Exercise description: Only the lines from the beginning of the data below through the line containing "KREWE Sophia Plaid Mirrored Sunglasses" belong in the response, each copied exactly.

[Start of section]

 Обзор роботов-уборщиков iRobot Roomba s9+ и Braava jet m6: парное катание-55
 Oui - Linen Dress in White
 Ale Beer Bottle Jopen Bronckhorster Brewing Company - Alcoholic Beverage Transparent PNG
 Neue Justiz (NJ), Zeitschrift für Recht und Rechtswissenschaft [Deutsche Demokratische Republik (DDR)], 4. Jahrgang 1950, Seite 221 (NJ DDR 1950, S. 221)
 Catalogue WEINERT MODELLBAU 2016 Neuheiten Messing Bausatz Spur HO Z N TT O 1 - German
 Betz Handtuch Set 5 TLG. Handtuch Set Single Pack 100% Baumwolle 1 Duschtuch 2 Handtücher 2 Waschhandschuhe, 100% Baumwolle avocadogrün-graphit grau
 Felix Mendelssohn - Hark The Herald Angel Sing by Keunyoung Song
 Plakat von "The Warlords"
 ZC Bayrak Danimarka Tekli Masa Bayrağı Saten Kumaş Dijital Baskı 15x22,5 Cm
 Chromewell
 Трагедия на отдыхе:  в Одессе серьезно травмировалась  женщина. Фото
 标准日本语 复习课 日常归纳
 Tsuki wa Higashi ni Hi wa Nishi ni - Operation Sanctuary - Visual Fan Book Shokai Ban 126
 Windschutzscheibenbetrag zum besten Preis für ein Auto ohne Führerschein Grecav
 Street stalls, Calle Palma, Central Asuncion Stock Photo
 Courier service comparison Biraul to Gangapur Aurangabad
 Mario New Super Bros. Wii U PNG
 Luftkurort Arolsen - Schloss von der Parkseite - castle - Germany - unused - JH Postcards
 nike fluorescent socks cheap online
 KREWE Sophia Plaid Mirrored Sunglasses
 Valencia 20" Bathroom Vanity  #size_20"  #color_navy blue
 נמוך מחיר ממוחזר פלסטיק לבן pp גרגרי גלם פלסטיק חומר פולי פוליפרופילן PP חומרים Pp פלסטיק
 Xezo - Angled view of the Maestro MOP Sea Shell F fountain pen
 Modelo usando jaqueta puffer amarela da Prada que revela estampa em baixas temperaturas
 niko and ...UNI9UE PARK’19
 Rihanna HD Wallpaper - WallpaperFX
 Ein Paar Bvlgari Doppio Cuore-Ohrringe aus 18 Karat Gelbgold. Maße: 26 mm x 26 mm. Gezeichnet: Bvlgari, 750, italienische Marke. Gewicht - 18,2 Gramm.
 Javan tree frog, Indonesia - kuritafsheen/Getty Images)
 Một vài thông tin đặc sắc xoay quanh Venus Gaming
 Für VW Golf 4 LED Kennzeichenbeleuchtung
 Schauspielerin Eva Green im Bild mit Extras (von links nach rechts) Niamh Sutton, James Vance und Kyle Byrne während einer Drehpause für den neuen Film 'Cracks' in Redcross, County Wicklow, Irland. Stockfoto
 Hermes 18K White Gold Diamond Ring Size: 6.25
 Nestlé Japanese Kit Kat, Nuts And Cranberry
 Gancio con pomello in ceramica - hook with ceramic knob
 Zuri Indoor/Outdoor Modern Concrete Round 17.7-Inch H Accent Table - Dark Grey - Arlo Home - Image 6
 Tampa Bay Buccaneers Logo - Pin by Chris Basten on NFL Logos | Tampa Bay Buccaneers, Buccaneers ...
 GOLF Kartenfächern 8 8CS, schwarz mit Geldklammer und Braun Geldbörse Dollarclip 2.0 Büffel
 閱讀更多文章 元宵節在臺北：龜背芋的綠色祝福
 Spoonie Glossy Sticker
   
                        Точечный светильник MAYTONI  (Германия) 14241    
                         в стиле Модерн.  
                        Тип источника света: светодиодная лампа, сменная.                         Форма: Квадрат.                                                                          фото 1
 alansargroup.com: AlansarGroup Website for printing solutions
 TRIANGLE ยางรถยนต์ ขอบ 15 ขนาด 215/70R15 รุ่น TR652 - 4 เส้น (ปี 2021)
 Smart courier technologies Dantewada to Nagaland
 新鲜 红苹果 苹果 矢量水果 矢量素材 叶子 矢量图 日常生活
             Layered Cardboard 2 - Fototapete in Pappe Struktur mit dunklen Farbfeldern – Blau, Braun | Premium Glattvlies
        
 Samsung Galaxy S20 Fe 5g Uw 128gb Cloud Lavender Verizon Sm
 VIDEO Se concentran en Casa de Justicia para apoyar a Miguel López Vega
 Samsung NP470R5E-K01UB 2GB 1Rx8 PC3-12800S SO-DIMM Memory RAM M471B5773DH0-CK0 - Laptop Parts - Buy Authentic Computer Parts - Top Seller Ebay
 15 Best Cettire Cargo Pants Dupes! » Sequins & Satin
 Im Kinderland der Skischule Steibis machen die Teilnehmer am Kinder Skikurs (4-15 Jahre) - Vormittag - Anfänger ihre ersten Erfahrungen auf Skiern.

[End of section]

Response area:
 Обзор роботов-уборщиков iRobot Roomba s9+ и Braava jet m6: парное катание-55
 Oui - Linen Dress in White
 Ale Beer Bottle Jopen Bronckhorster Brewing Company - Alcoholic Beverage Transparent PNG
 Neue Justiz (NJ), Zeitschrift für Recht und Rechtswissenschaft [Deutsche Demokratische Republik (DDR)], 4. Jahrgang 1950, Seite 221 (NJ DDR 1950, S. 221)
 Catalogue WEINERT MODELLBAU 2016 Neuheiten Messing Bausatz Spur HO Z N TT O 1 - German
 Betz Handtuch Set 5 TLG. Handtuch Set Single Pack 100% Baumwolle 1 Duschtuch 2 Handtücher 2 Waschhandschuhe, 100% Baumwolle avocadogrün-graphit grau
 Felix Mendelssohn - Hark The Herald Angel Sing by Keunyoung Song
 Plakat von "The Warlords"
 ZC Bayrak Danimarka Tekli Masa Bayrağı Saten Kumaş Dijital Baskı 15x22,5 Cm
 Chromewell
 Трагедия на отдыхе:  в Одессе серьезно травмировалась  женщина. Фото
 标准日本语 复习课 日常归纳
 Tsuki wa Higashi ni Hi wa Nishi ni - Operation Sanctuary - Visual Fan Book Shokai Ban 126
 Windschutzscheibenbetrag zum besten Preis für ein Auto ohne Führerschein Grecav
 Street stalls, Calle Palma, Central Asuncion Stock Photo
 Courier service comparison Biraul to Gangapur Aurangabad
 Mario New Super Bros. Wii U PNG
 Luftkurort Arolsen - Schloss von der Parkseite - castle - Germany - unused - JH Postcards
 nike fluorescent socks cheap online
 KREWE Sophia Plaid Mirrored Sunglasses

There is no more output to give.